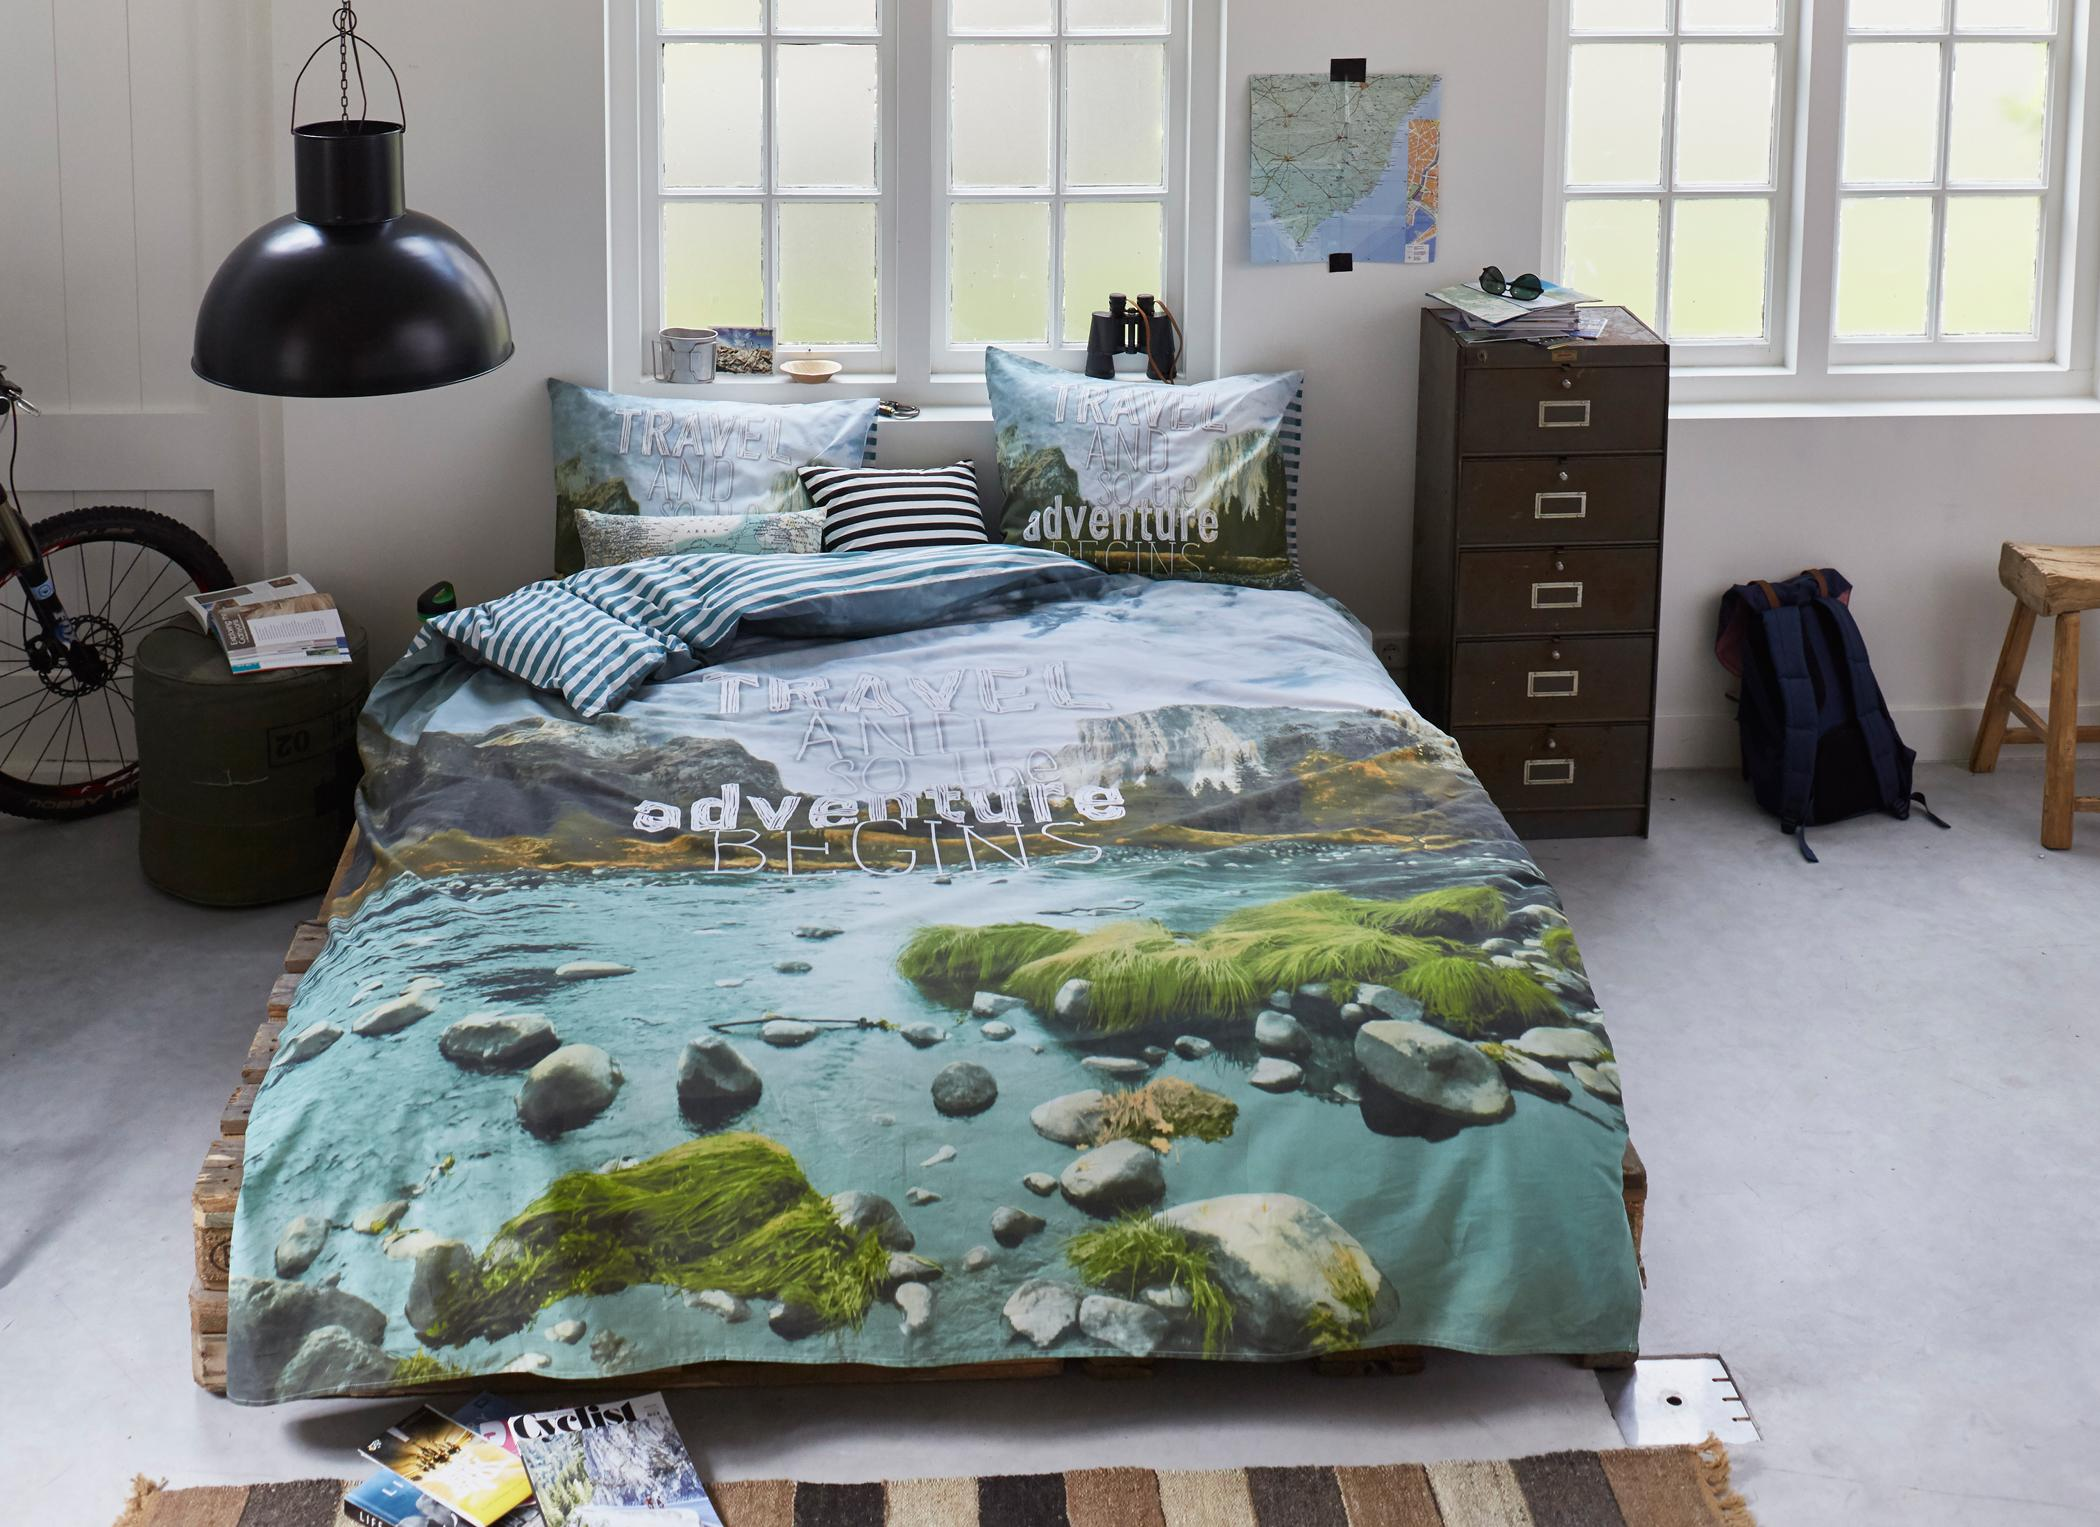 Jugendbett bilder ideen couchstyle for Zimmergestaltung jugendzimmer
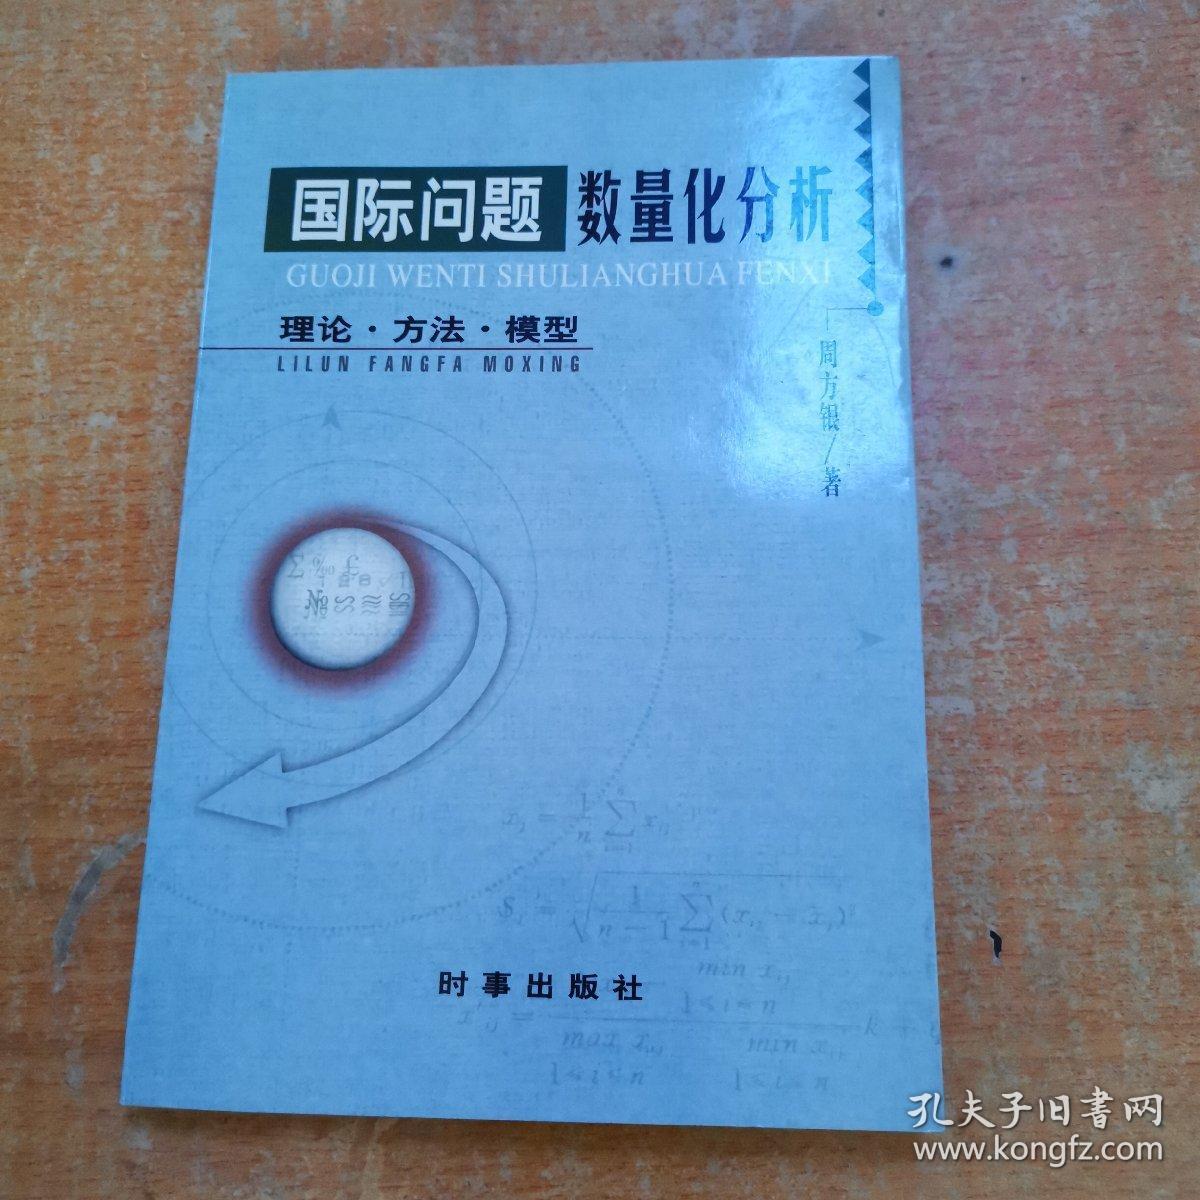 国际问题数量化分析:理论·方法·模型
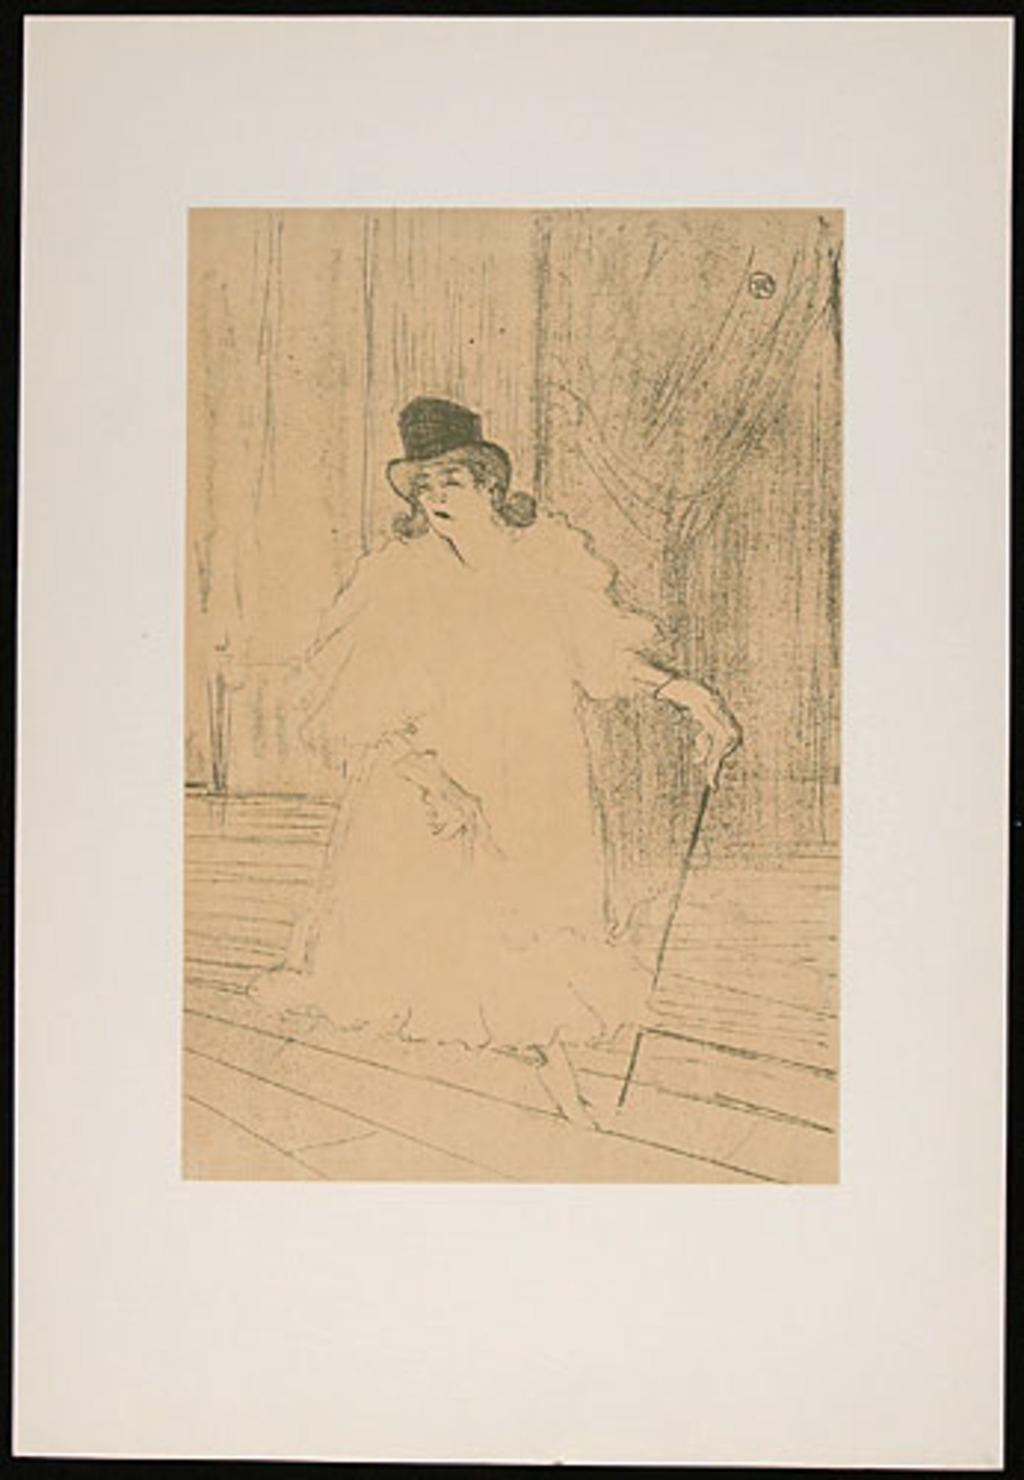 Cecy Loftus, de l'album «Toulouse-Lautrec, douze lithographies»
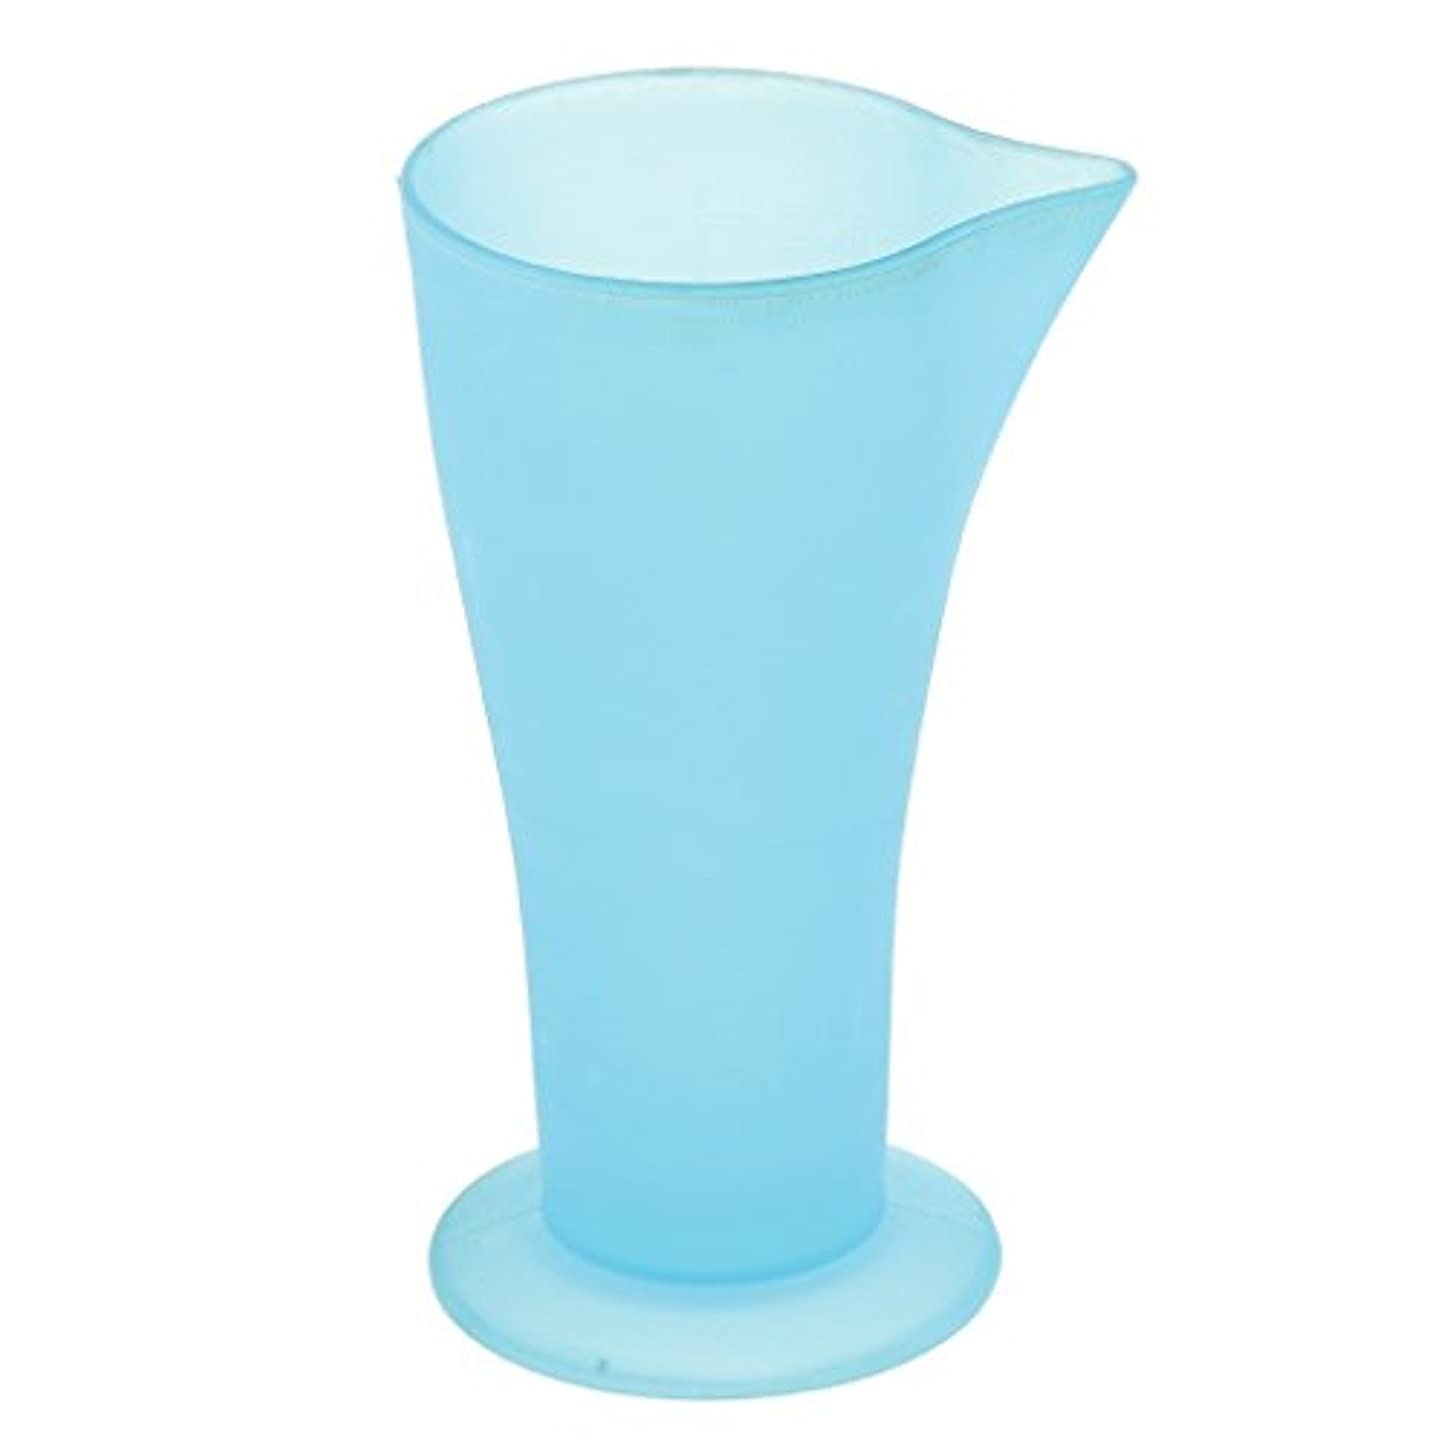 裁判所ラフトハウジングKesoto 計量カップ ヘアダイカップ ヘアカラーカップ ヘアダイ容器 ブルー プラスチック 再使用可能 髪型 サロン 髪の色合い 色測定カップ

■ ■ ■ ■ ■ ■ ■

_Work to be completed_.
Apart from the images, please copy every line of the data exactly as written.

_Response to this task_.
 Jugendbett bilder ideen couchstyle for Zimmergestaltung jugendzimmer
 国际问题数量化分析:理论·方法·模型
 Cecy Loftus, de l'album «Toulouse-Lautrec, douze lithographies»
 裁判所ラフトハウジングKesoto 計量カップ ヘアダイカップ ヘアカラーカップ ヘアダイ容器 ブルー プラスチック 再使用可能 髪型 サロン 髪の色合い 色測定カップ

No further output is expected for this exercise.